GOAL OF THE EXERCISE.
Reproduce the listing below exactly, beginning with its first line and ending with the line that holds "HMI Droid Image Button"; pictures are not part of the copy.

+ + + + + + +

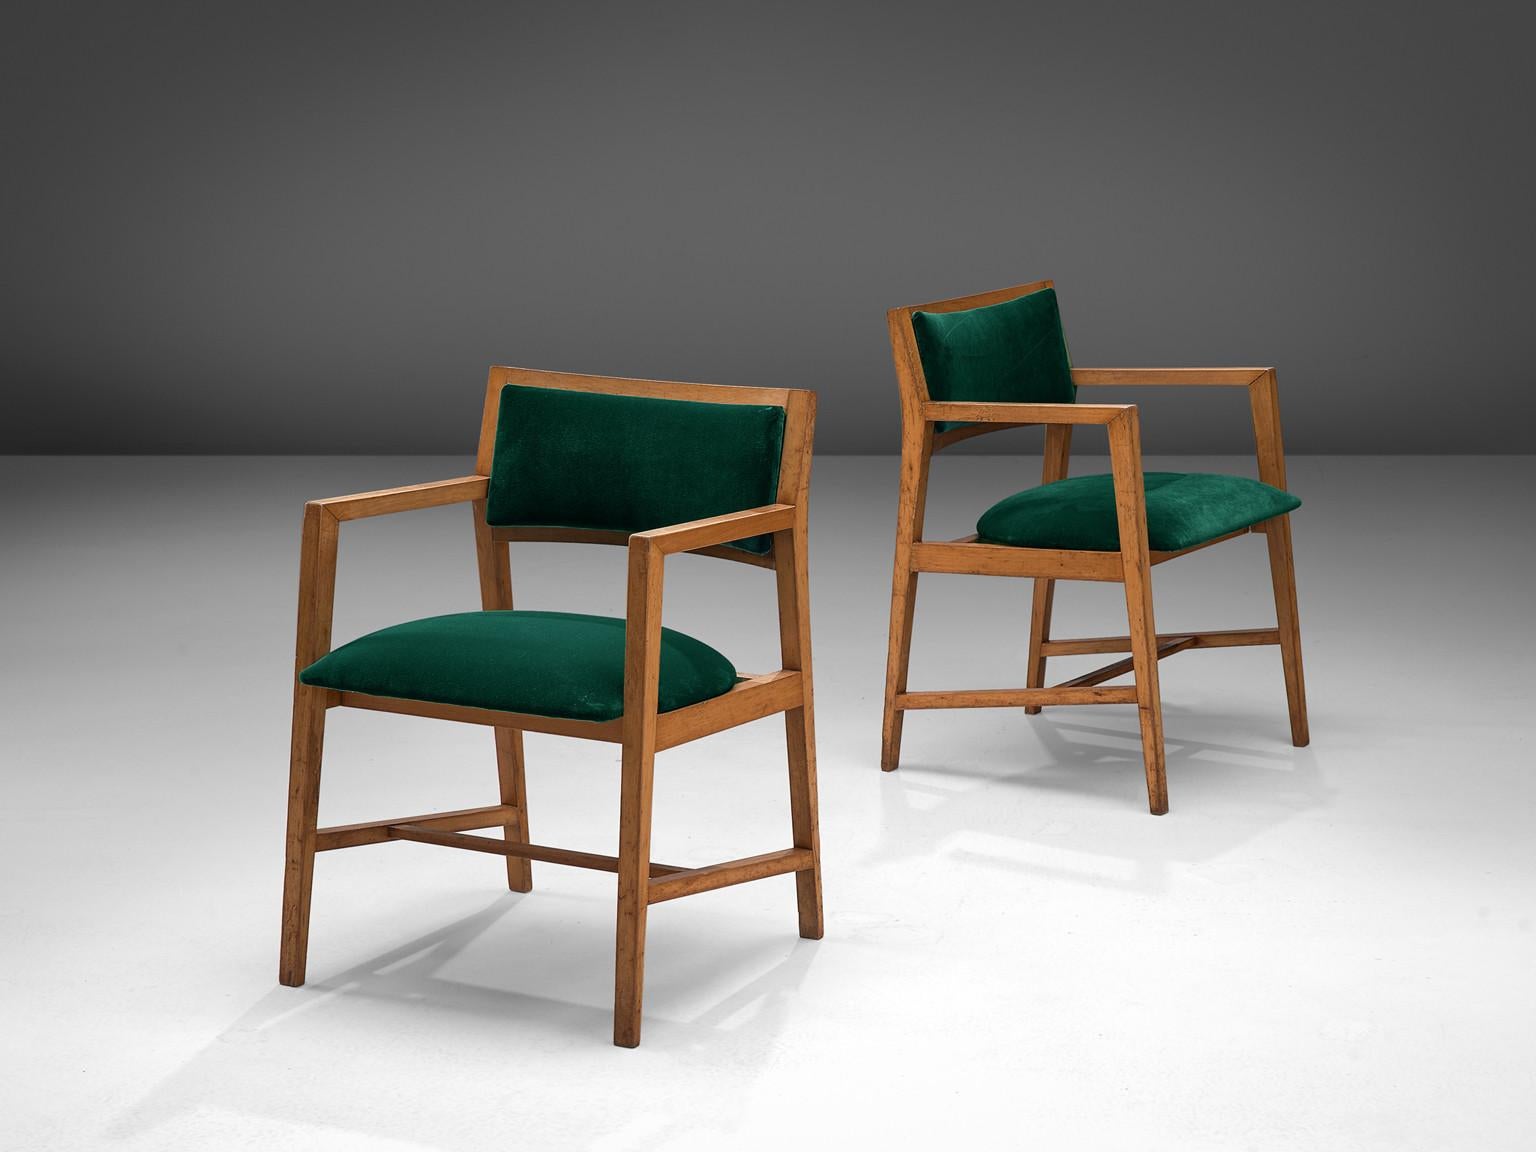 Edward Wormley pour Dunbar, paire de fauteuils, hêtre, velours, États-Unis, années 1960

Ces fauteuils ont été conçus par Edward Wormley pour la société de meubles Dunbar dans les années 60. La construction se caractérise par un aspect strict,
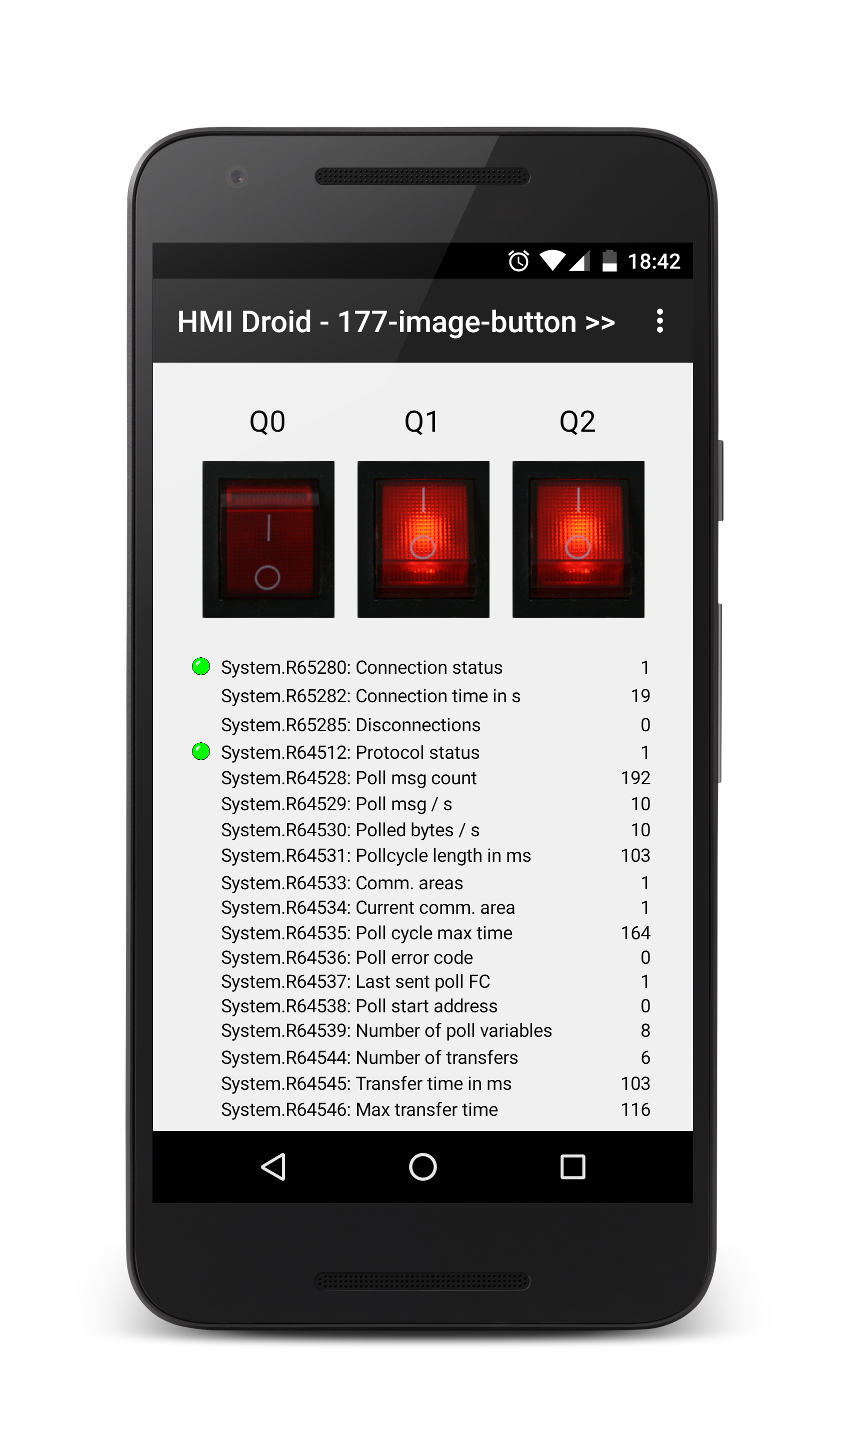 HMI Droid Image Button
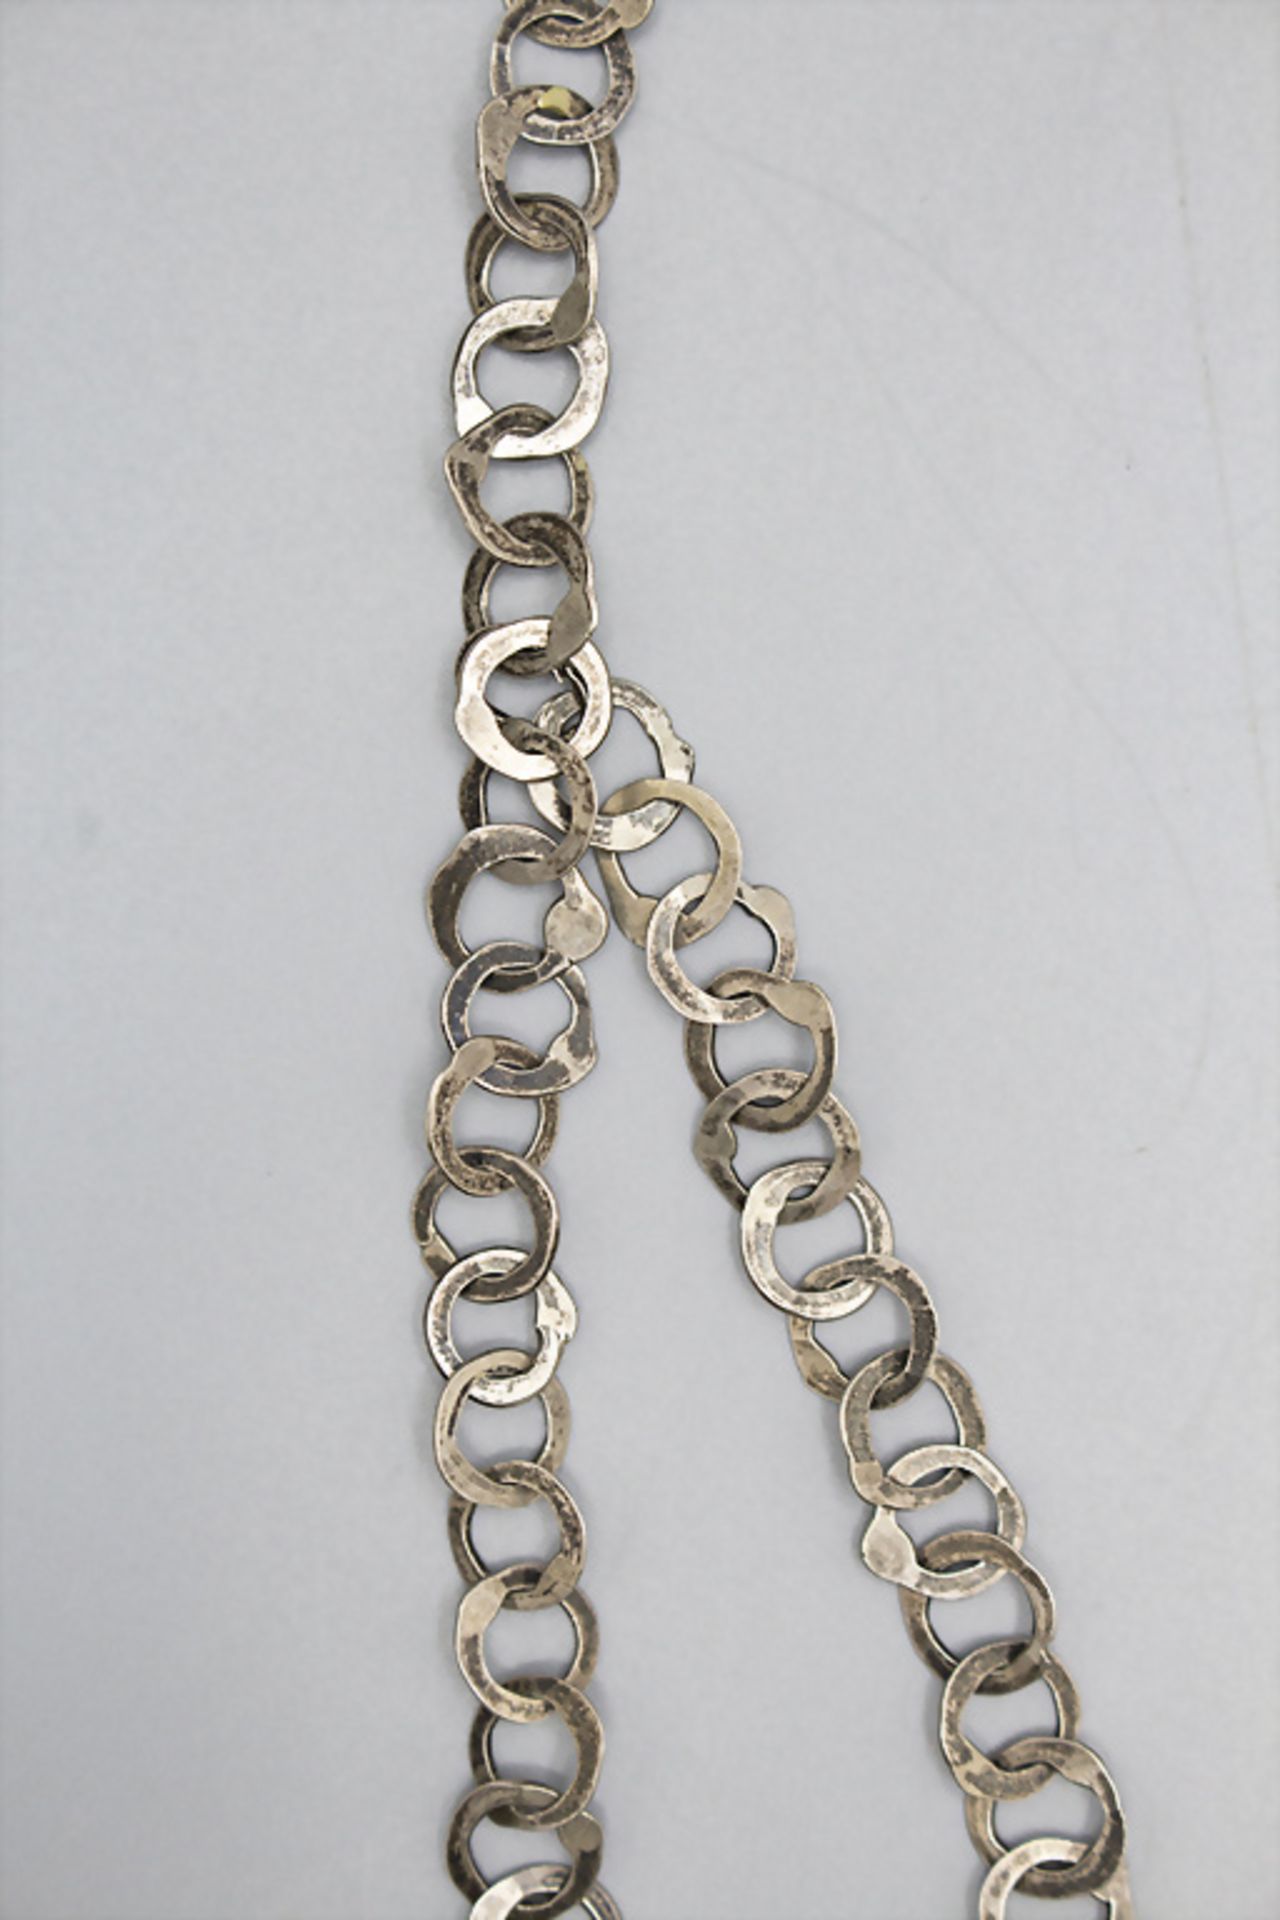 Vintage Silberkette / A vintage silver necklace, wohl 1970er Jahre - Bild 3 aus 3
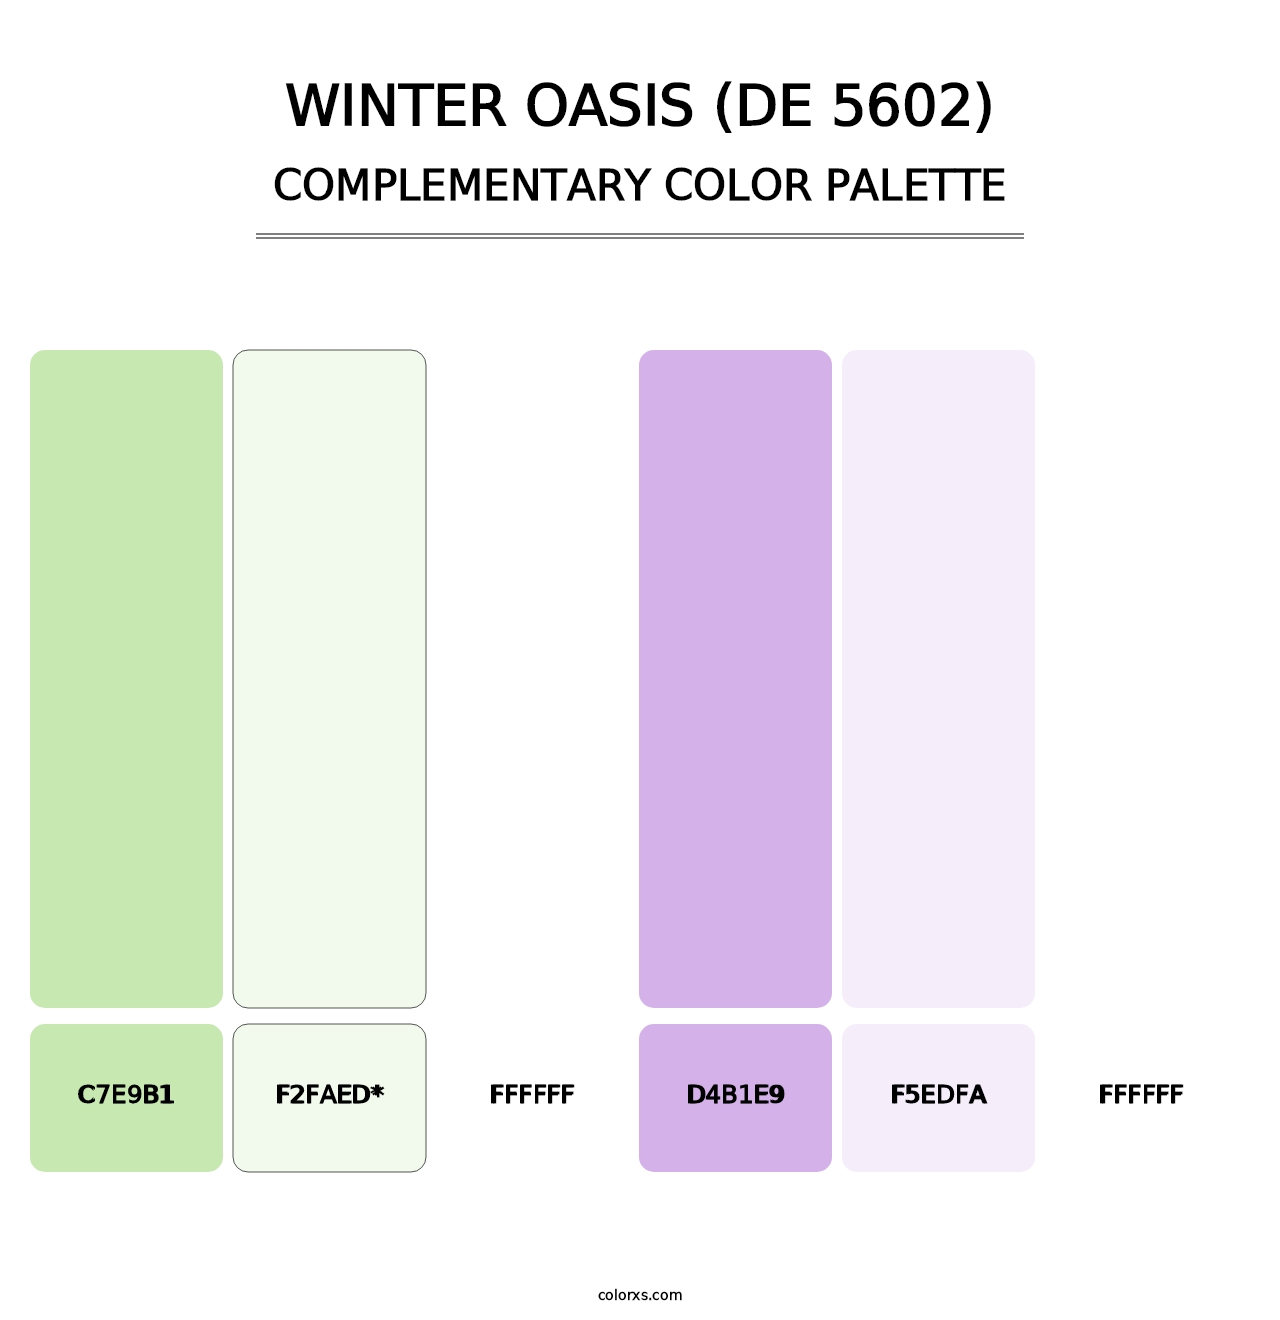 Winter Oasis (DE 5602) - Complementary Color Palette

+ + + + + + +

EXERCISE SOLUTION.
 Edward Wormley pour Dunbar, paire de fauteuils, hêtre, velours, États-Unis, années 1960

Ces fauteuils ont été conçus par Edward Wormley pour la société de meubles Dunbar dans les années 60. La construction se caractérise par un aspect strict,
 HMI Droid Image Button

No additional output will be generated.